We had more than 10 inches of rain two weeks in a row, and it heartily set back every single crop we had growing in the field or waiting for transplant. It went something like this:
An inch of rainfall on an acre of land is 27,154.3 gallons. I found this to be a difficult measurement to get my head around, so knowing that a gallon of water is 8.3 pounds, an inch of rainfall on an acre is fast approaching 230,000 pounds.
Remember that at the time we were talking about 10 inches a week, not one inch, on my little 10-acre parcel, bringing us to a grand total of over 22 million pounds of water, two weeks in a row.
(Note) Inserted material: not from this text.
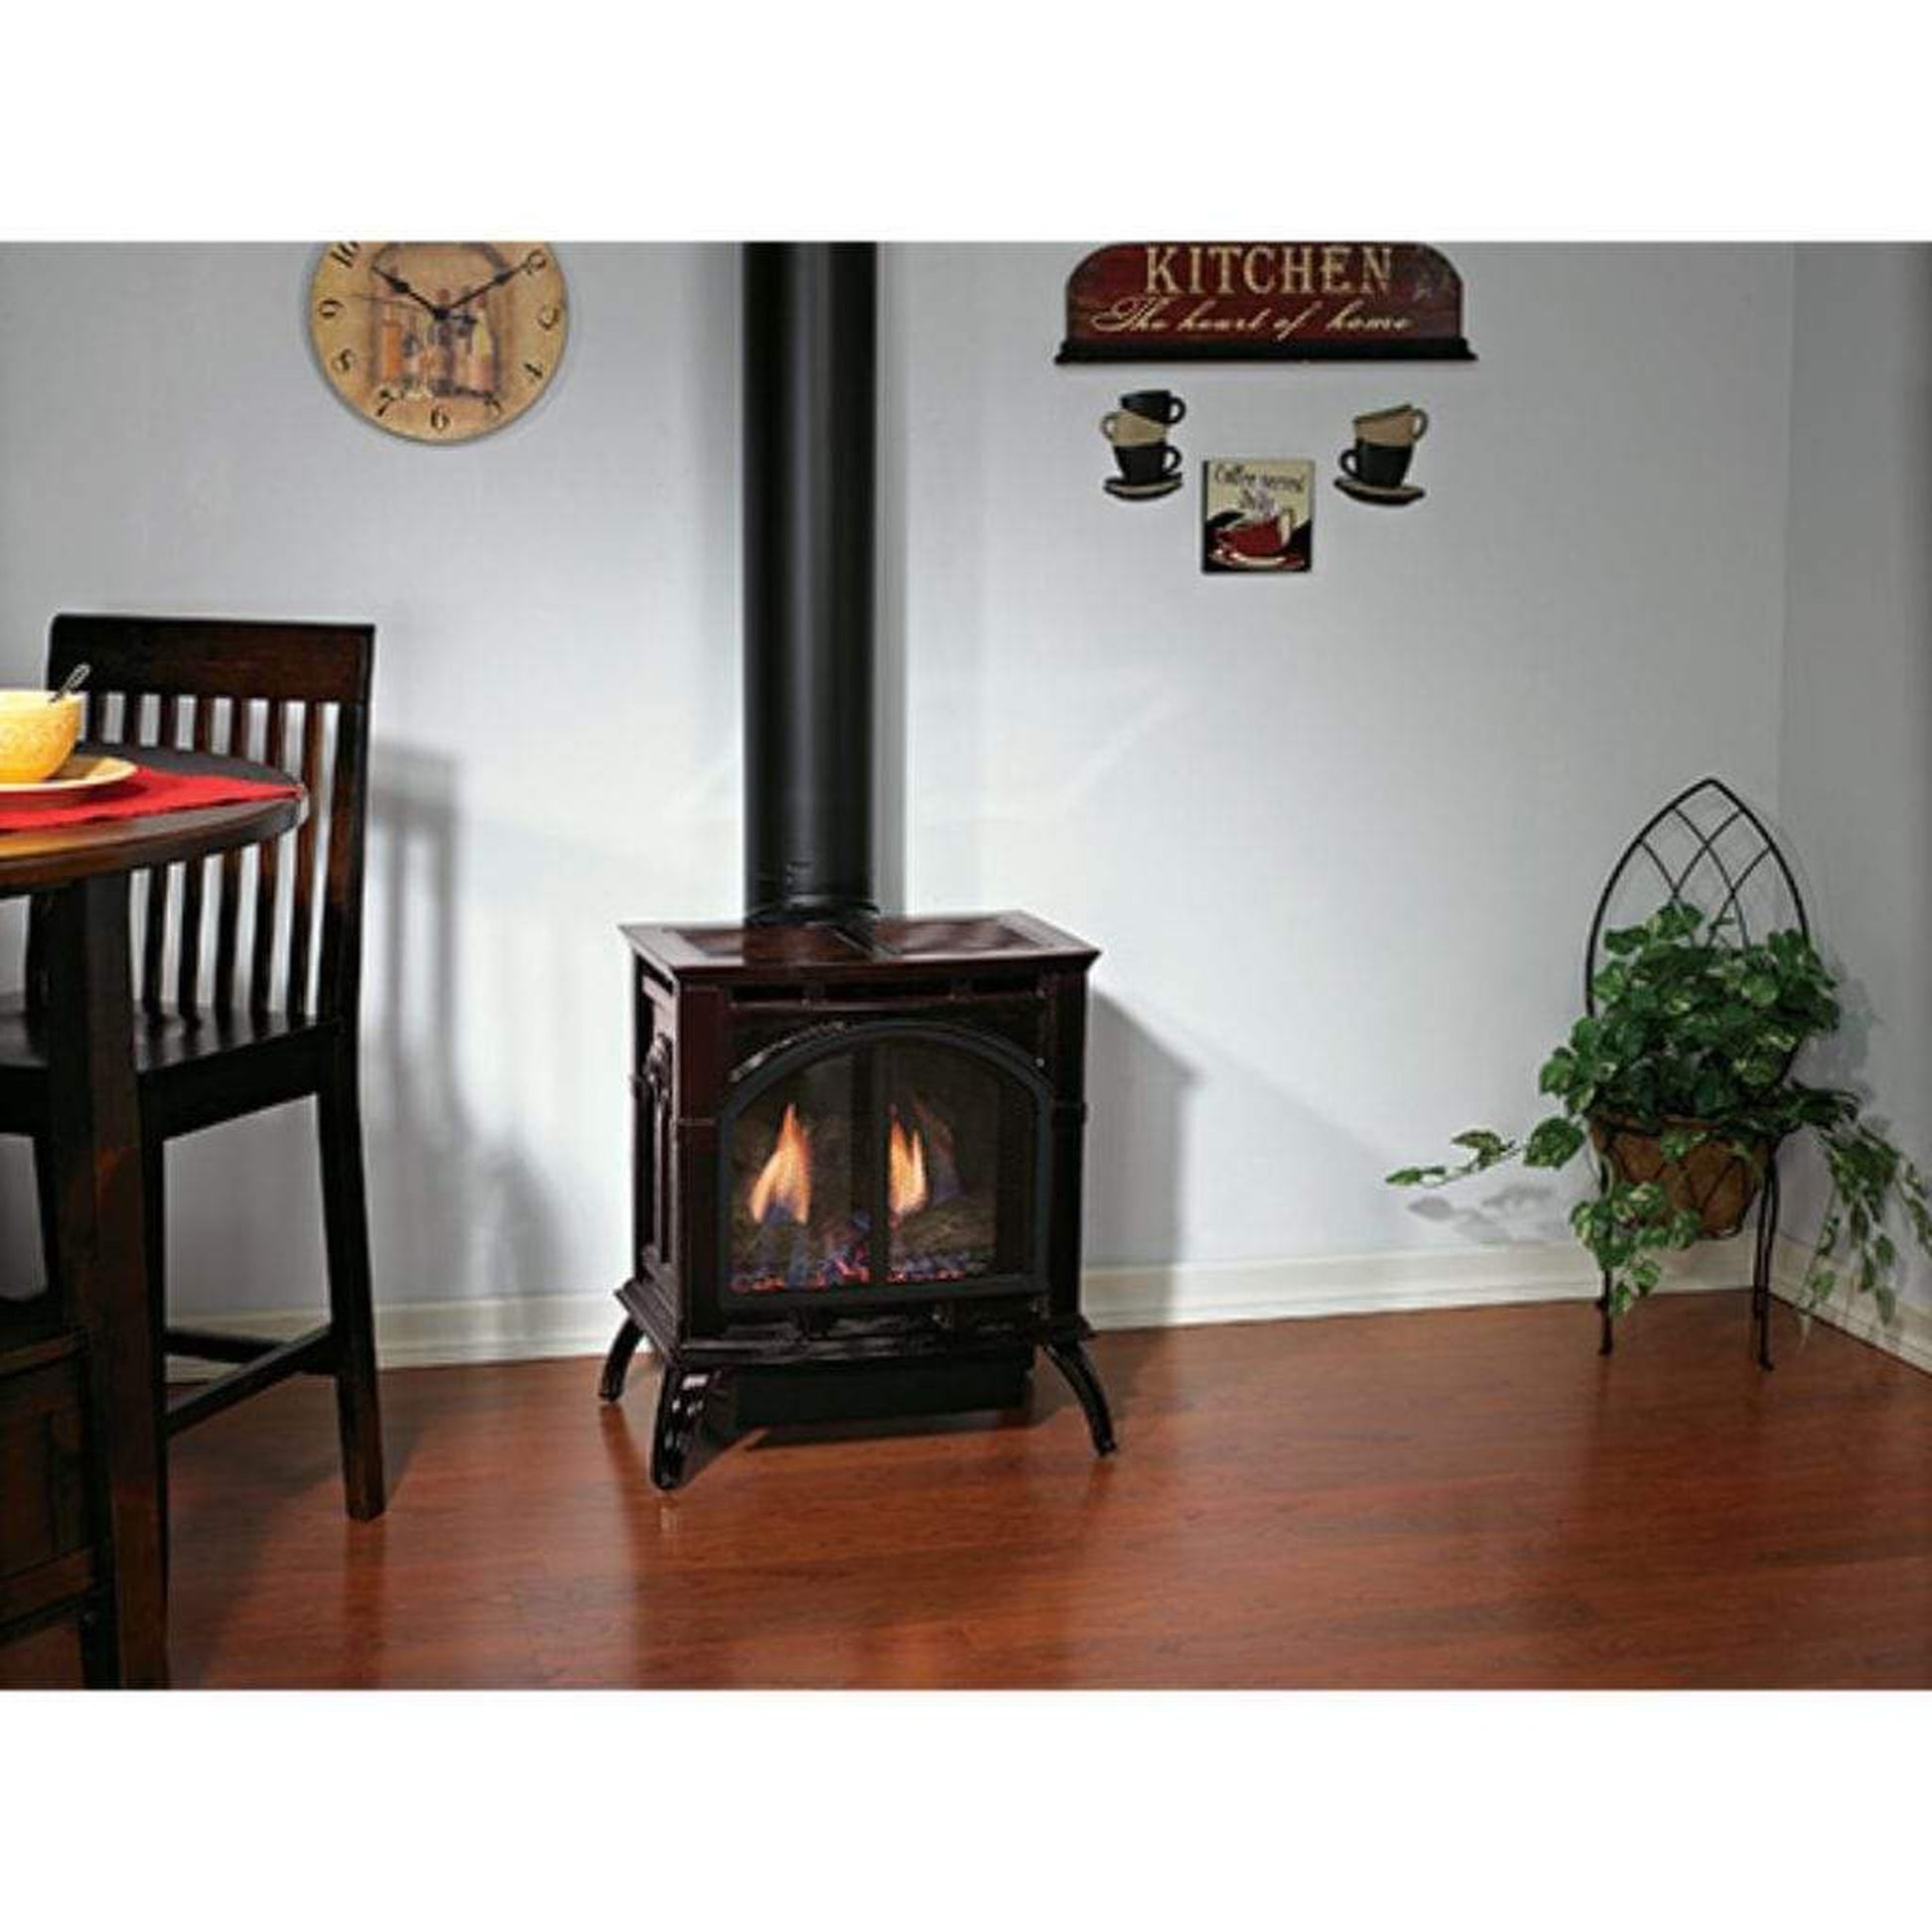 Wood Stove Topper - Cover Your Gas StoveIntroducing our
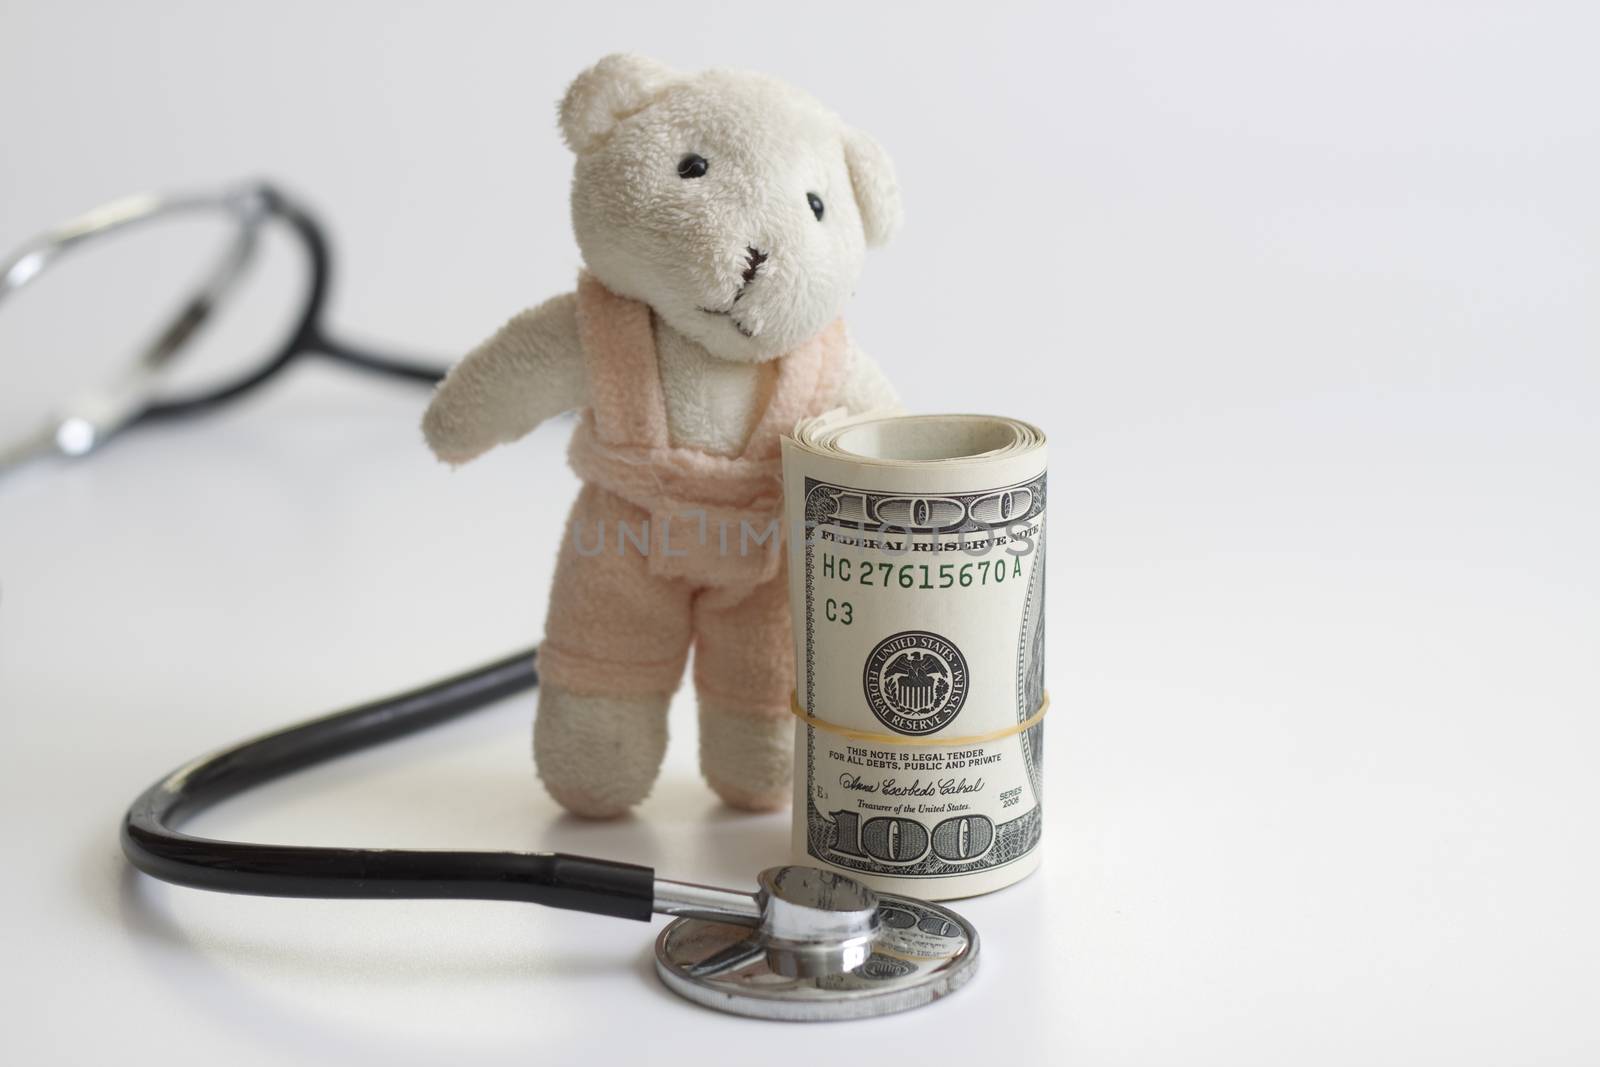 a stack of dollars  a stethoscope and a teddy bear the health insurance future

Once I got past the spectacle value of trying to imagine these quantities, which was not easy, I realized that I had lost massive amounts of fertility, soil texture, seeds and plants.
Things drowned, washed away or just plain gave up in the face of the unceasing torrents. My soil was saturated and pounded tight by all the rainfall. I think it was late May and we started all over again with most things, and ran late with almost every crop throughout the season. Some crops just fell to the wayside because it was just too late to start over.
What a difference a year makes. Looking at this year’s first corn photo, taken about six weeks after planting this year, the ground does look dry, because it is. We are light on rainfall in many places this spring and it does bring a different set of problems. The capillary action in the soil falls to nothing as the soil dries and along with the lack of available water, nutrients eventually become unavailable as well, stunting growth, stressing plants, inviting pests and disease like a howling beacon.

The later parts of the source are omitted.